A school district in Wisconsin is mulling over whether to remove the classic Harper Lee novel “To Kill a Mockingbird” from its high school curriculum after a parental complaint.
Parent Tujama Kameeta wants the Monona Grove School District in Monona, Wisconsin town to remove the novel due to the “48 racial slurs directed at African Americans in the book.”
“The n-word is used so many times that it numbs the readers to its potency,” Kameeta told Madison365. “Reading the book just perpetuates racists thoughts and attitudes in a school district that actively discriminates against children of color.”
Kameeta added that students learning the epithets will enable them “to use [the words] for power over people of color.”

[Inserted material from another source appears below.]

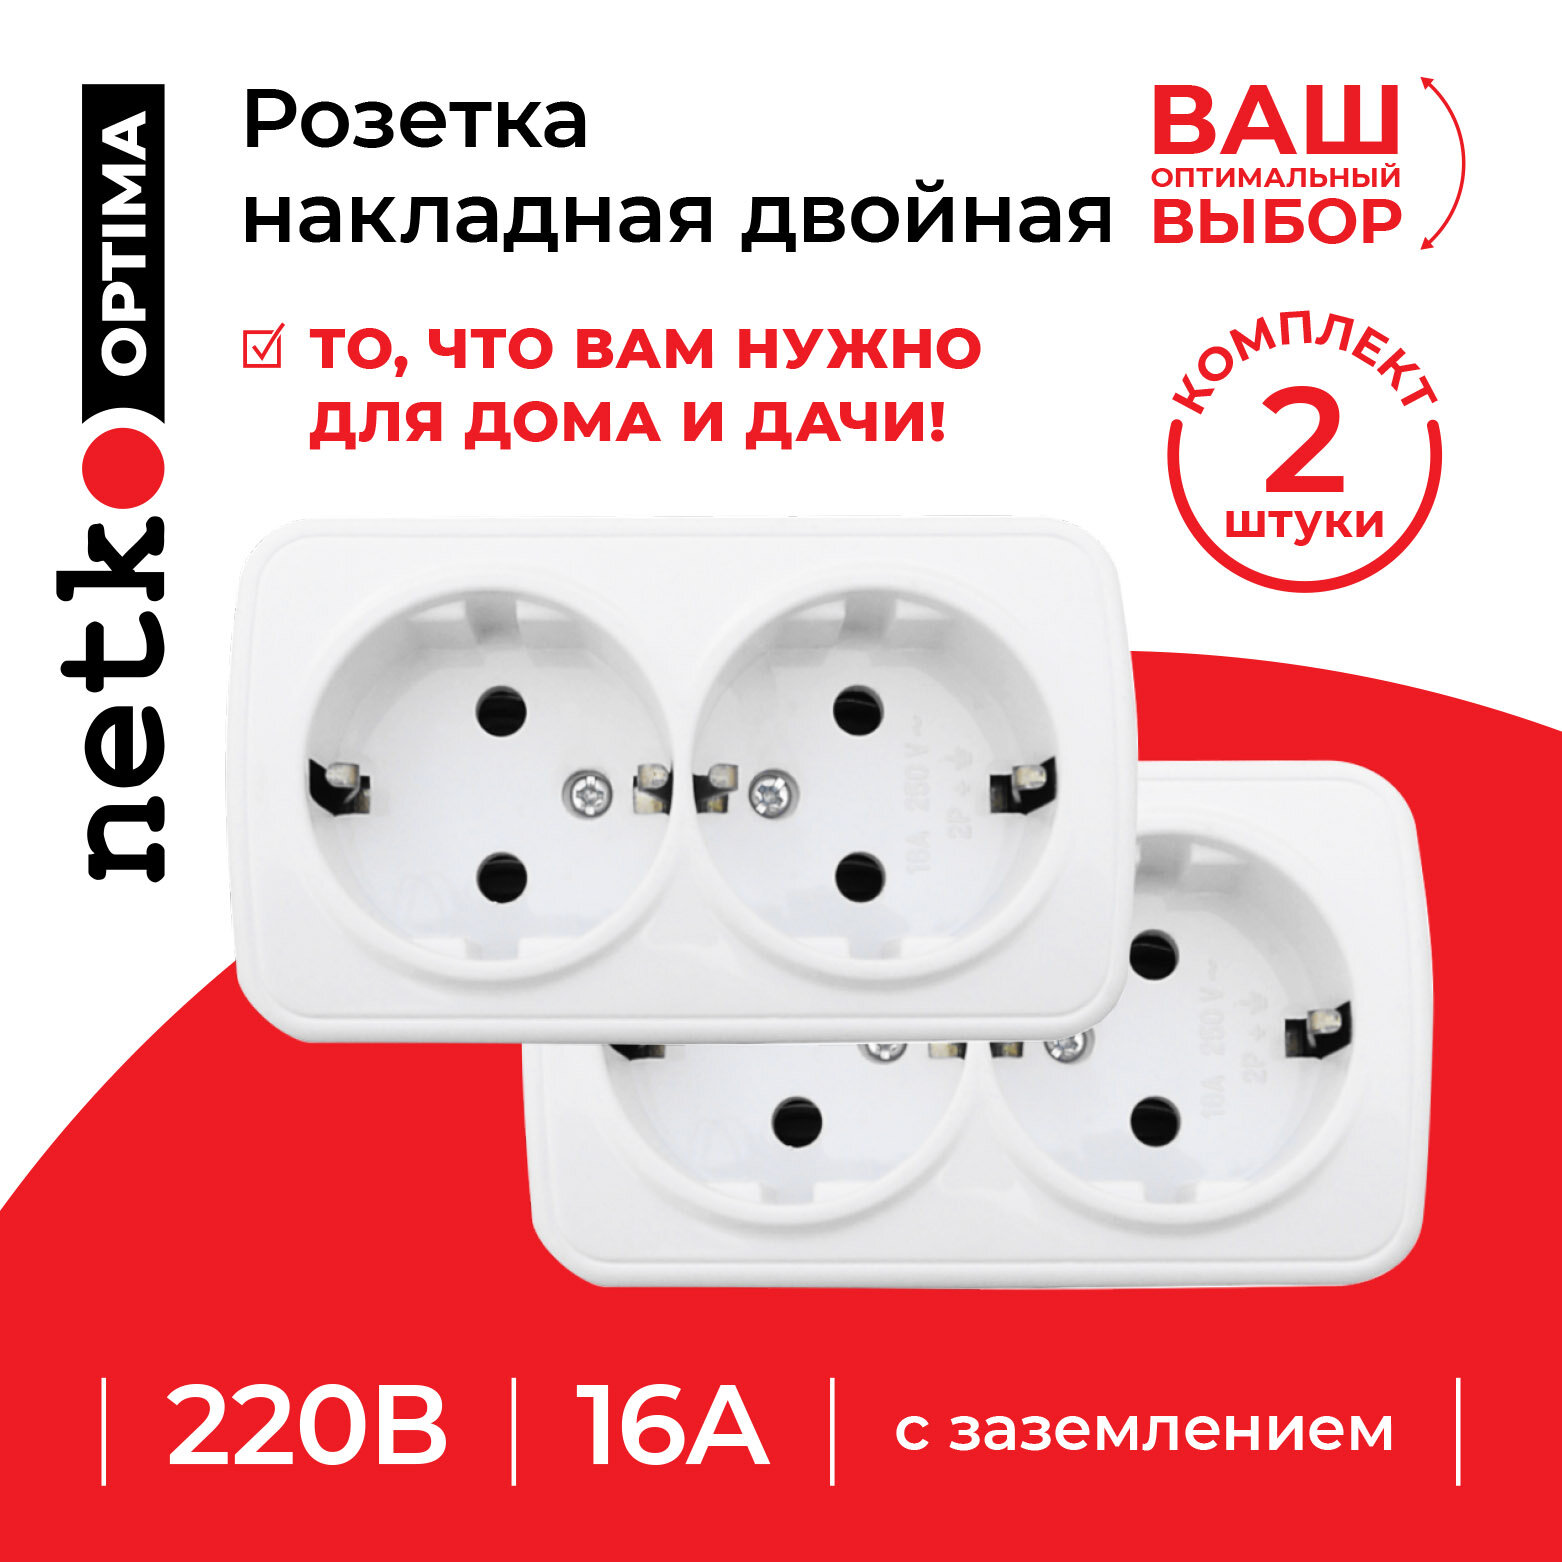 Розетка NETKO Optima Electric накладная двойная с заземлением, 16A, пластик, IP20, белый 2 шт

The book is widely seen as pro-equality, telling the story of a white lawyer who defends a wrongly accused Black man. That doesn’t make it acceptable to Kameeta, who has one son in the high school and another child in Cottage Grove schools
Kameeta noted also that the author, Harper Lee, never experienced racism, nor did the white protagonist, Scout Finch. He also notes that Atticus Finch, the white lawyer and father of the protagonist, “reinforces the Hollywood stereotype of the white savior.”
“The novel reduces black people to passive, humble victims and ignores the reality of black agency in resistance,” he wrote in the statement. “Black people are robbed of their role as subjects of history and are portrayed as mere spectators and bystanders in the struggle against their own exploitation and oppression.”
Kameeta also said there are no writers of color represented in the curriculum of the course his son is currently taking.
“It’s the only book that takes racism and describes it like that,” he said. “Kids are not getting an equal share of the information.”
Kameeta noted he corresponded with various school and district personnel and concluded there was no good reason a book other than “Mockingbird” could not be used. He also cited “deep racial disparities” in district English achievement levels as a reason to jettison the novel.
Monona Grove High School principal Paul Brost said the school’s Curriculum and Instruction team would review continued usage of the book, and added he personally “didn’t have an opinion” on Mr. Kameeta’s request.